Baja California's districts between 2005 and 2017

The 4th federal electoral district of Baja California (Distrito electoral federal 04 de Baja California) is one of the 300 electoral districts into which Mexico is divided for elections to the federal Chamber of Deputies and one of nine such districts in the state of Baja California.

It elects one deputy to the lower house of Congress for each three-year legislative session by means of the first-past-the-post system. Votes cast in the district also count towards the calculation of proportional representation ("plurinominal") deputies elected from the first region.

The 4th district was created by the 1977 electoral reforms and was first contested in the 1979 mid-term election.

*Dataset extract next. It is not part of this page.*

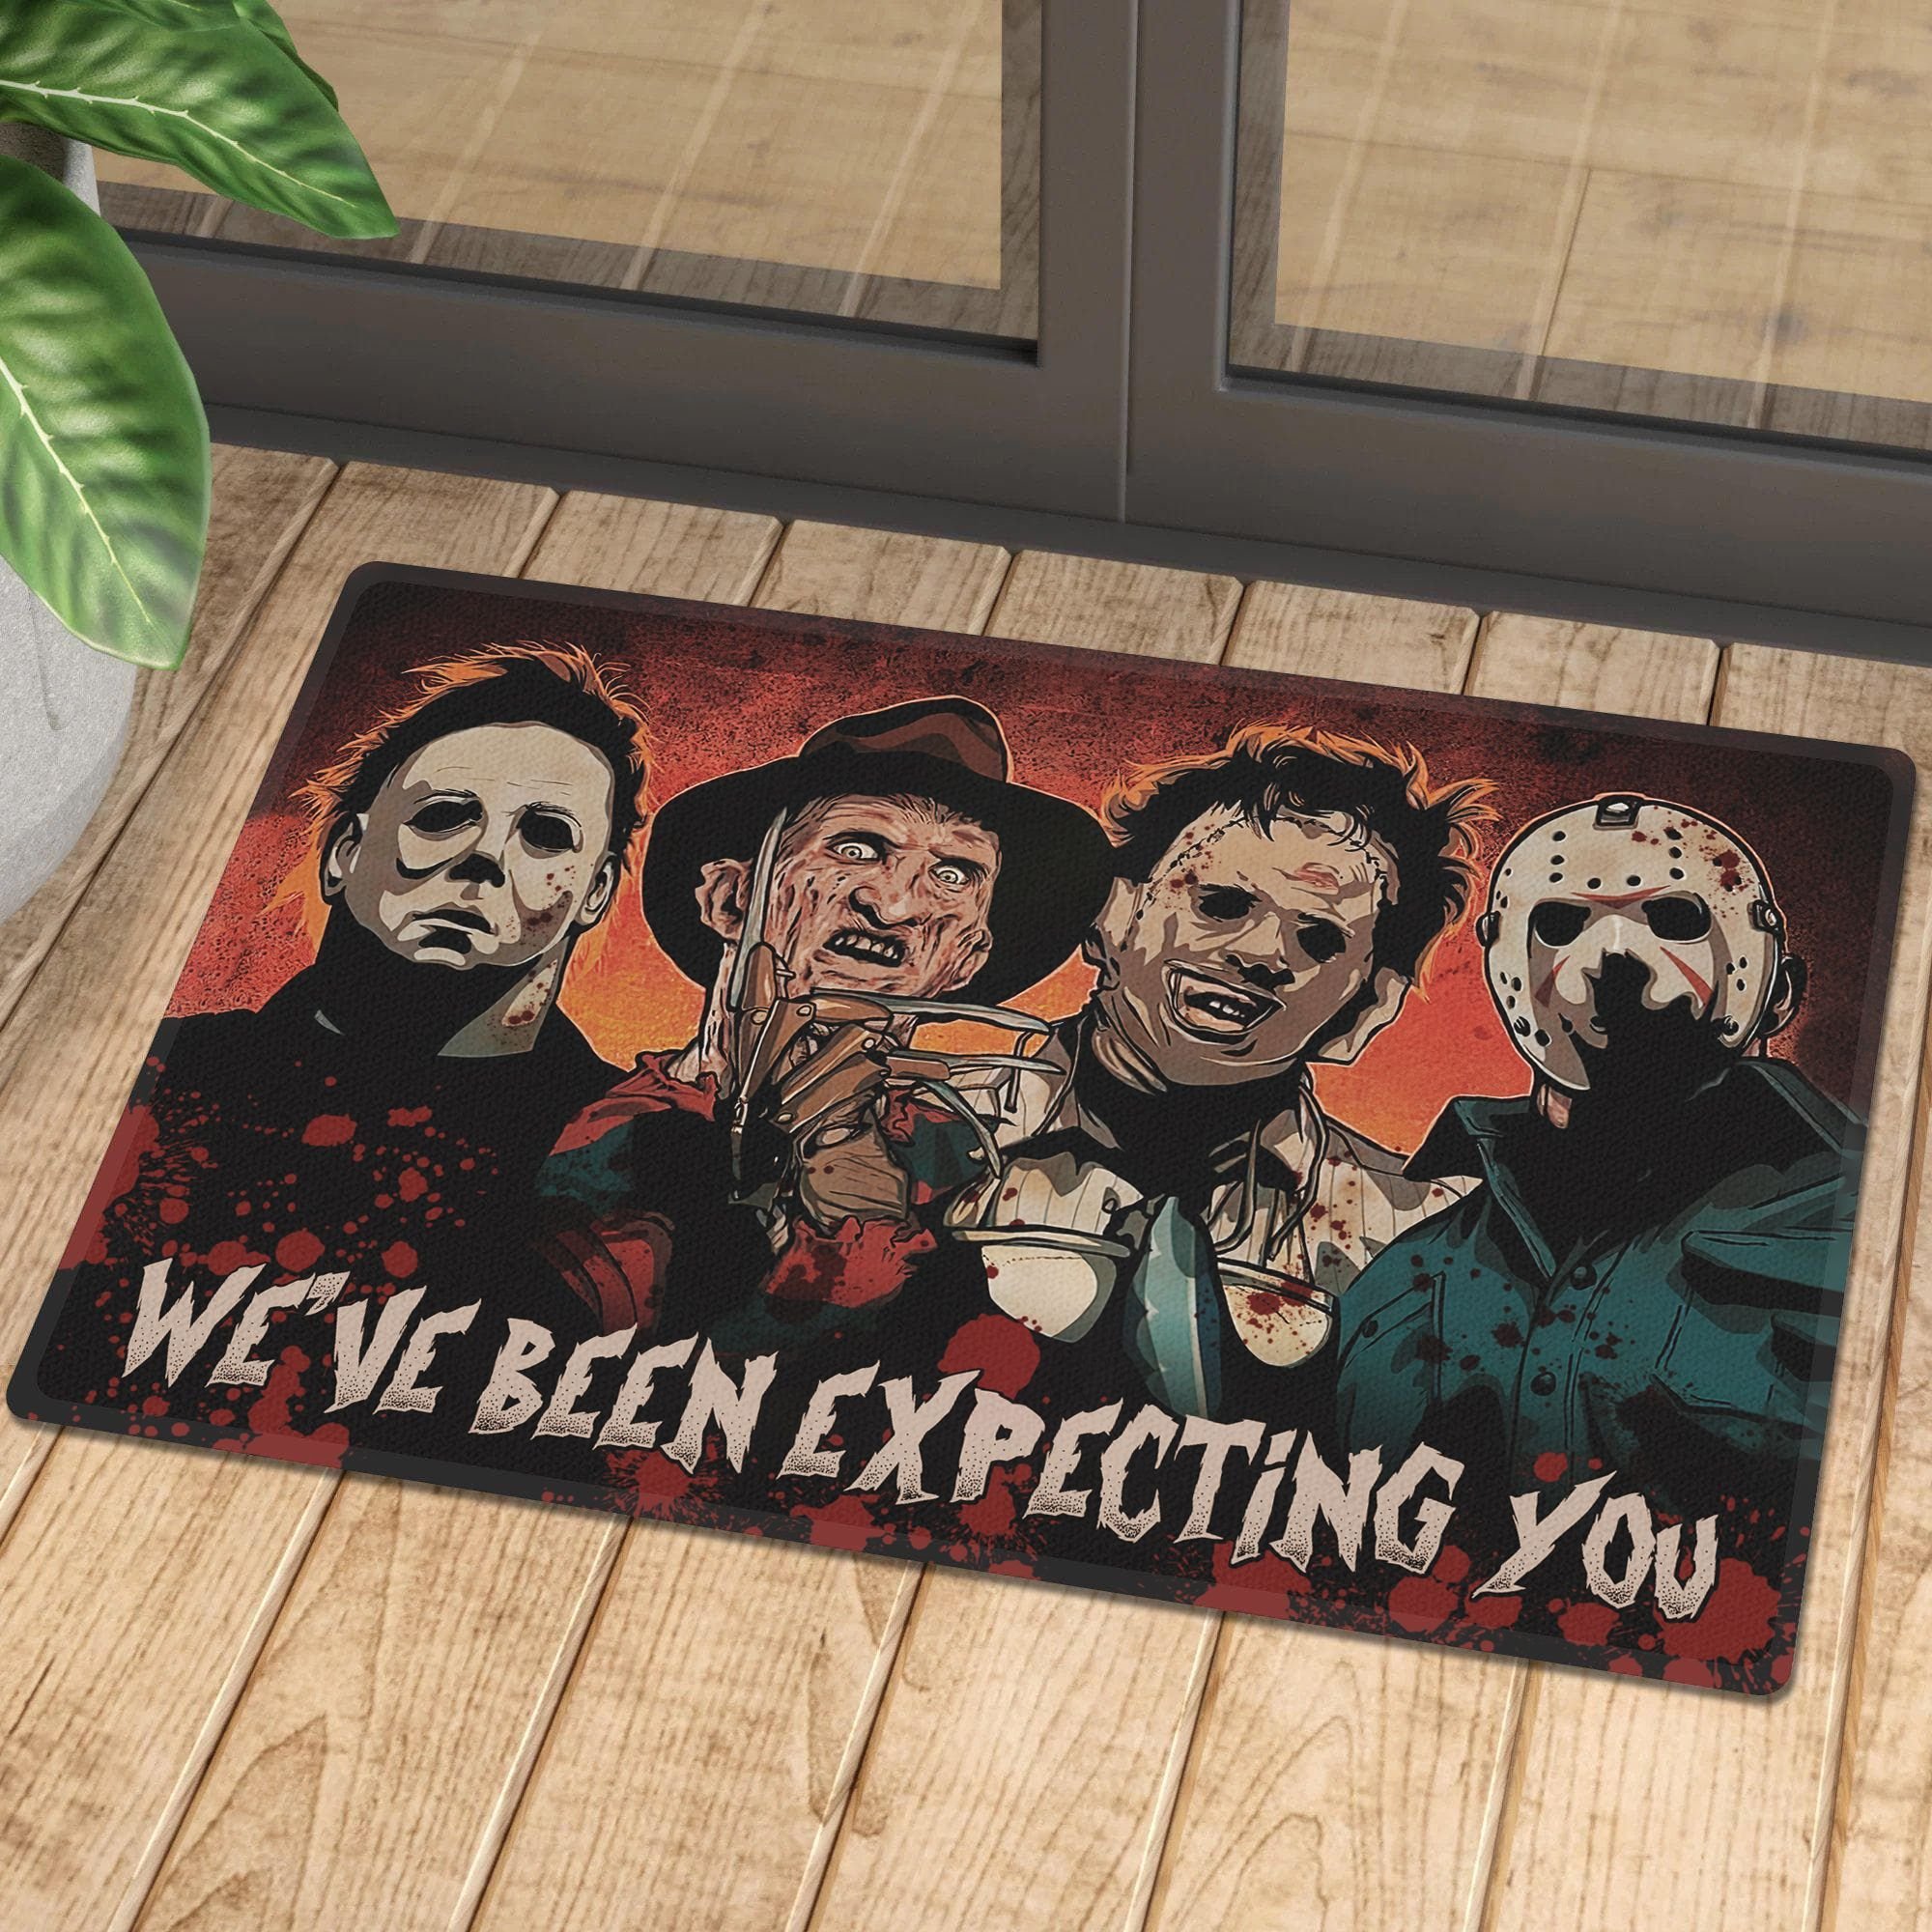 Horror characters we have been expecting You Doormat 2

The current member for the district, elected in the 2024 general election, is Rocío López Gorosave of the National Regeneration Movement (Morena).

==District territory==
Under the 2023 districting plan adopted by the National Electoral Institute (INE), which is to be used for the 2024, 2027 and 2030 federal elections, Baja California's seat allocation rose from eight to nine.
The 4th district covers 308 precincts (secciones electorales) in the north-eastern sector of the municipality of Tijuana. (Note: The 5th, 6th and 8th districts cover the remainder of the city.)

The head town (cabecera distrital), where results from individual polling stations are gathered together and tallied, is the city of Tijuana. The district reported a population of 433,244 in the 2020 census.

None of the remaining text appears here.